Updated April 19 at 3:30 p.m.
The Supreme Court pushed the temporarily stay on an appellate court's mifepristone ruling to late Friday, according to a Wednesday order issued by Justice Sameul Alito.
The top court is currently considering filings from stakeholders—including drugmakers, the plaintiff anti-abortion medical group and the Biden administration—before it makes a decision on restrictions ordered by lower courts.
The temporary stay now expires at 11:59 p.m. on Friday, barring another extension.
April 14
The Supreme Court has placed a temporary hold on an appellate court ruling that restricts access to the abortion drug mifepristone.
Justice Samuel Alito issued an emergency ruling on Friday that stays a decision by the Fifth Circuit Court of Appeals until an emergency briefing on Wednesday. The decision comes after mifepristone maker Danco and the Department of Justice filed emergency requests with the court.
Drug maker Danco filed its emergency request on Friday for a stay of the federal appellate court ruling that was supposed to take effect this weekend.
“The Fifth Circuit’s unprecedented order has created regulatory chaos across the country,” the manufacturer said in the filing.
The court ruled that while mifepristone can remain on the market, it cannot be distributed by mail. It also cannot be prescribed for pregnancies at 10 weeks, reverting back to an earlier requirement of seven weeks.
The Fifth Circuit did overrule a lower court’s decision to suspend the Food and Drug Administration approval for mifepristone, which has been on the market since 2000.
Danco argues that the restrictions though are going to cause a massive “untenable limbo” for the healthcare industry.
FDA, for instance, has to “effectuate a series of extensive approvals to implement the Fifth Circuit’s rollback,” the filing said. “Without those approvals, Danco cannot legally market and distribute mifepristone.”
However, FDA is also under a court order from a federal judge in Washington from making any changes to the regulation and approval of mifepristone in 17 states and the District of Columbia. This is going to cause providers and systems to navigate “uncharted waters,” Danco wrote.
Danco's filing comes as prescriptions for the drug and misoprosotol have increased after the Supreme Court overturned Roe v. Wade last year.
The drug manufacturer also slammed the ruling for overturning settled precedent.
The appellate court took the FDA to task for removing an in-person dispensing requirement in 2016 and changed when the drug can be prescribed from a pregnancy of seven weeks to ten weeks. The court ruled that the FDA changed the drug’s approval but did not incorporate any studies into the exact boundaries of the modified approval.

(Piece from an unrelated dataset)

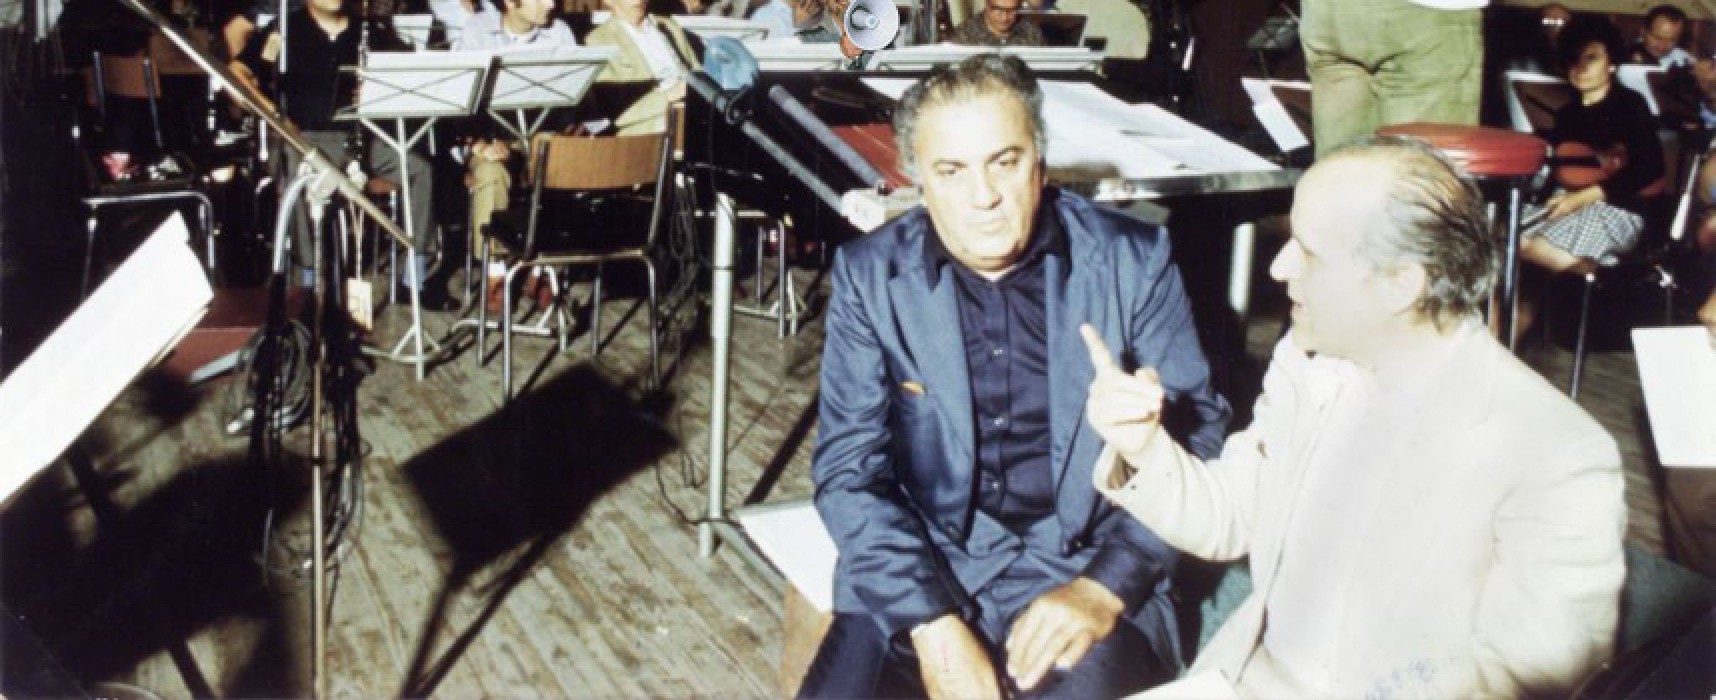 Museo Diocesano, una mostra dedicata a due grandi Maestri: Nino Rota e Federico Fellini

But Danco said the court should have deferred to FDA’s expertise in evaluating data from dozens of clinical trials.
“The pharmaceutical industry could not have been clearer that such a judicial imposition on FDA of this sort of rigid matching requirement, untethered to anything in the statute or regulations, would be devastating,” Danco wrote. “If that were the rule governing FDA approvals, it would be unlikely that any drug on the market is properly approved.”
Danco called for the high court to stay the appellate court’s and lower court’s rulings in full pending an appeal. It should also have an expedited briefing and argument before the summer recess.
The case centers on a lawsuit brought by the anti-abortion group Alliance for Hippocratic Medicine. A lower court ruled that the FDA did not properly take into account the side effects of mifepristone and ignored for decades citizen petitions to strip its approval.
Judge Matt Kaczymaryk originally had stayed his ruling for a week to give the DOJ time to seek an emergency order from the Fifth Circuit.
The lower court applied the ruling nationwide, while the contradictory Washington ruling only applies to the states which sued for relief.